Moving to reduce inventory while maintaining customer service levels, agribusiness Syngenta needed accurate demand forecasts. But first the company had to put a forecasting process in place.
[From Supply & Demand Chain Executive, August/September 2004] Forecasting demand, as much an art as a science, is never easy in the best of circumstances. But Greensboro, N.C.-based Syngenta Crop Protection faced at least one major hurdle in forecasting North American demand for its fungicides, herbicides and insecticides, according to Richard Herrin, manager for NAFTA planning and forecasting at the company: "We didn't have a forecasting process."
Mostly Seasonal, With Variable Demand
Syngenta Crop Protection is a $6.2 billion business globally. With 19,000 employees in 90 countries, including 4,300 in the North American Free Trade Agreement (NAFTA) region, the company is headquartered in Basel, Switzerland. Syngenta sells its fungicides, herbicides and insecticides to distributors and dealers, who then sell to growers.

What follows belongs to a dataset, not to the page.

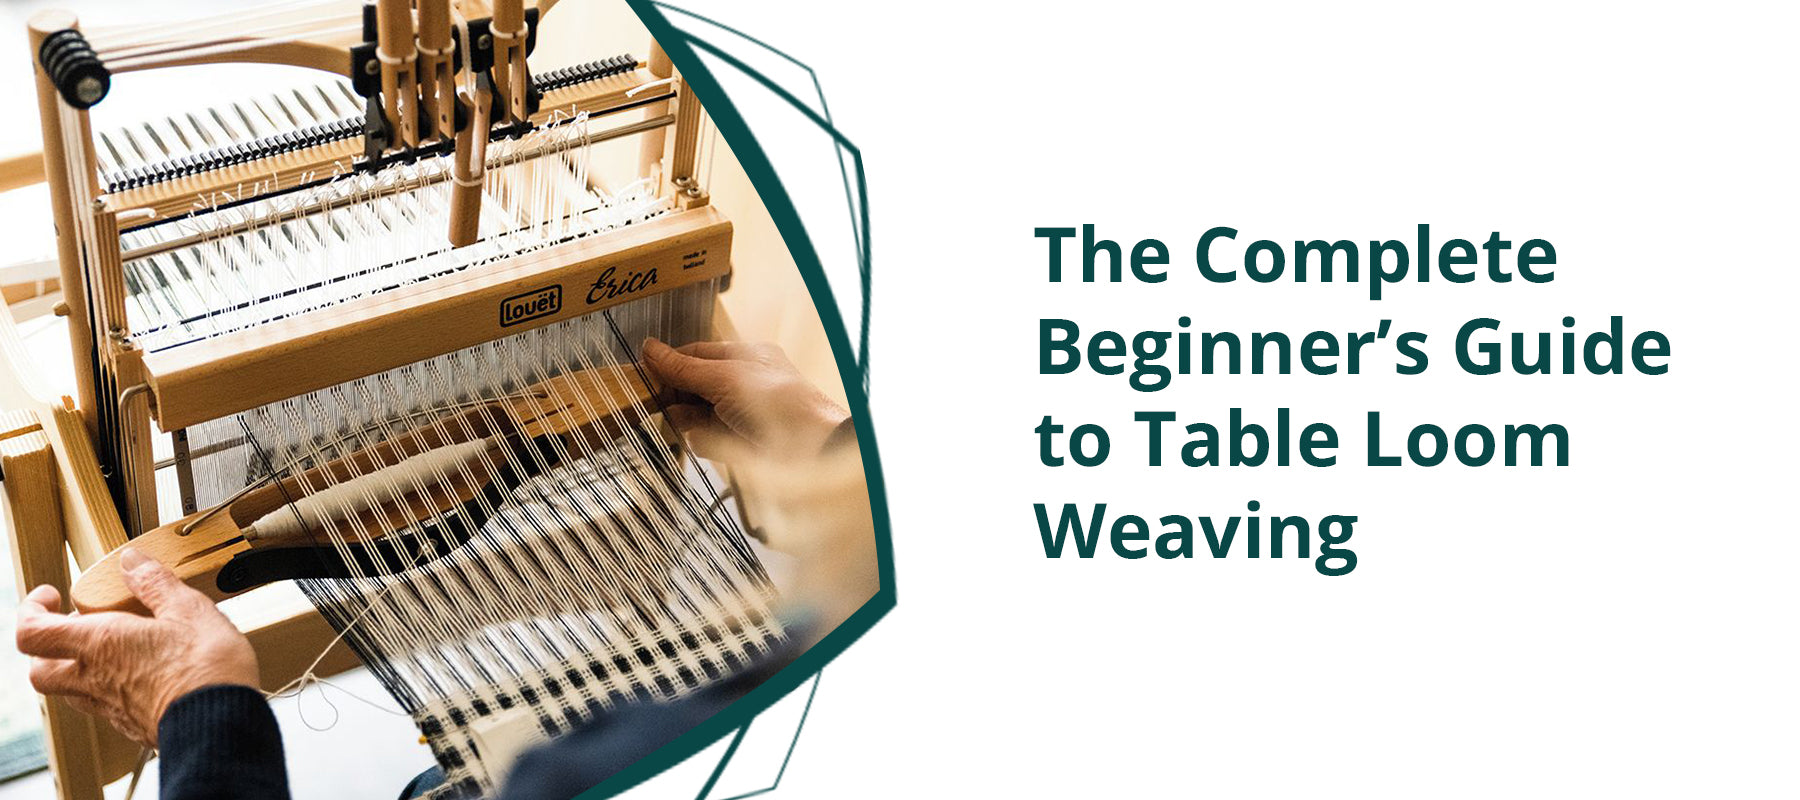 How to Start Weaving on a Table Loom: The Complete Beginner's Guide

The agribusiness market, and Syngenta's segment of that market in particular, offers a challenging environment for demand forecasters. Syngenta produces the active ingredients (AIs) with a two-year lead-time and distributes them to various regional divisions, which formulate and package local variations of its products (stock-keeping units SKUs) in accordance with the local requirements and regulations. The challenge for the local units has been to manufacture enough of each particular product to meet demand, even though, absent a formal forecasting process, the production side of the business did not have a clear picture of actual demand.
In the past, Syngenta employed a "top down" business planning process for generating sales goals and production targets whereby the company's finance group would generate quarterly sales estimates and set targets for the sales staff. On the manufacturing side, the company's production planners would determine how much of each SKU to produce. The catch, of course, was that without accurate demand forecasts, the company found itself loading up on inventory to ensure that it could meet fluctuations in customer demand and minimize orders lost due to out-of-stock product.
On top of these challenges, Syngenta faced the imperative to minimize its working capital needs while maintaining its high customer service levels. To get better control of its inventories, Syngenta elected to undertake a major sales and operations planning (S&OP) initiative. Trouble was, S&OP uses inventory control models to affect working capital requirements, and the basic inputs into the inventory control models are accurate demand forecasts, which Syngenta did not have.
Spreadsheets Offer Clouded Visibility
The company made an initial move to get at forecast numbers using Excel spreadsheets. Once a month, Syngenta's central office would create a spreadsheet for each business unit, with volume and price forecasts, and e-mail the document to a contact within the unit who had been tapped to do the forecasting. The business units would revise the figures and e-mail them back to the central office, where another staffer combined all the numbers for manual uploading into the company's enterprise resource planning (ERP) system.
This approach had several shortcomings: First, the company was updating its forecasts only once a month, but changes in the market might require daily revisions to production plans. In addition, the spreadsheet forecasts reflected sales estimates made by business unit heads and excluded insights that could be provided by field reps and their local district managers. And finally, this manual process did not allow the company to identify and manage gaps between the forecast and sales plan, and forecasters did not have ready access to such information as sales to date, current inventories or marketing plans.